この川の下流おおよそ十キロの鉄橋を夜ごと汽車通る音
「蛍の光」流れ終りて一斉に灯り消えたり洲本遊郭
台風が明日来る前の今日の晴れ稲刈る人ら多く出ている
大いなる目玉にわれは見入られてわれも見返すその牛の顔
この町に生れしわれが思い出の何も無ければまず観光す
深々と寒さはあれど深々と雪降ることの少なき釧路
一冊は3章から構成されており、Ⅰはこれまで過ごした土地を巡って制作した作品、Ⅱは現在の生活の拠点・宮崎での作品、ⅢはⅠに先立ち、「啄木来釧百年」(2008年)の折に訪れた生まれ故郷・釧路の作品となっている。一冊は浜田の歴史である。

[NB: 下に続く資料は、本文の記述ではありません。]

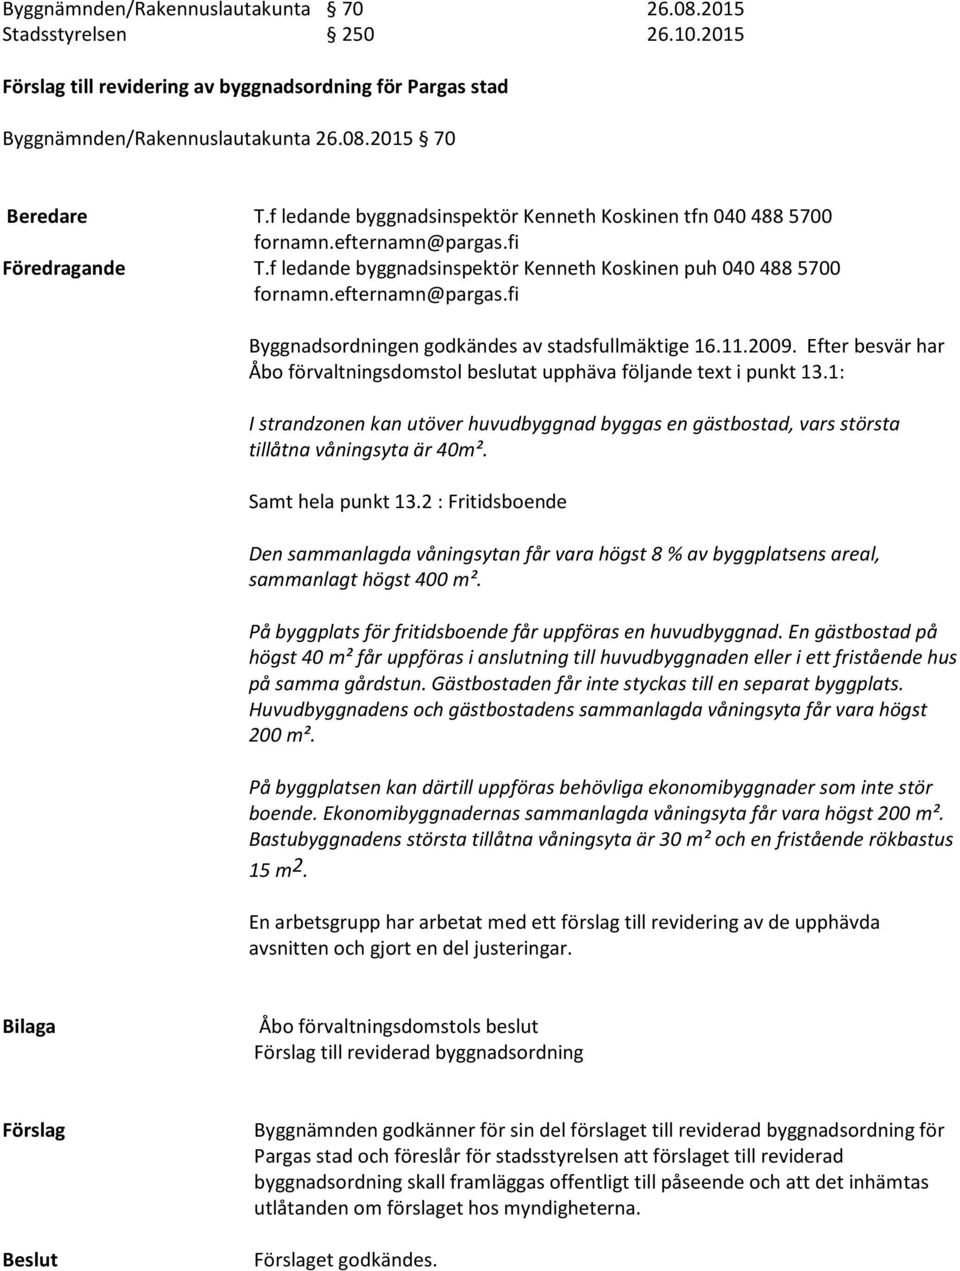 Efter besvär har Åbo förvaltningsdomstol beslutat upphäva följande text i punkt 13.1: I strandzonen kan utöver huvudbyggnad byggas en gästbostad, vars största tillåtna våningsyta är 40m².

各章から2首ずつ引いた。Ⅰではその詩の輪郭を記述し、Ⅱではその詩の核を記述し、Ⅲでは来訪者としてまちを記述しているのだと思う。浜田が短歌をとても愛していることがわかる、そんな一冊でもある。
ラジオより天皇陛下の声聞こゆどうやら戦争がおわったらしい
戦争は誰にとっても、たいへんなもの/ことだったはずだ。だから、戦争が終わることは大きな安堵である。5・8・5・9・7というゆったりしたリズム。「どうやら戦争がおわったらしい」と、柔らかに、そしてすこし間が抜けたようなともいえる言い方で、それをいう。とくに四句の9音が効果的だ。浜田は、正しく生活者である。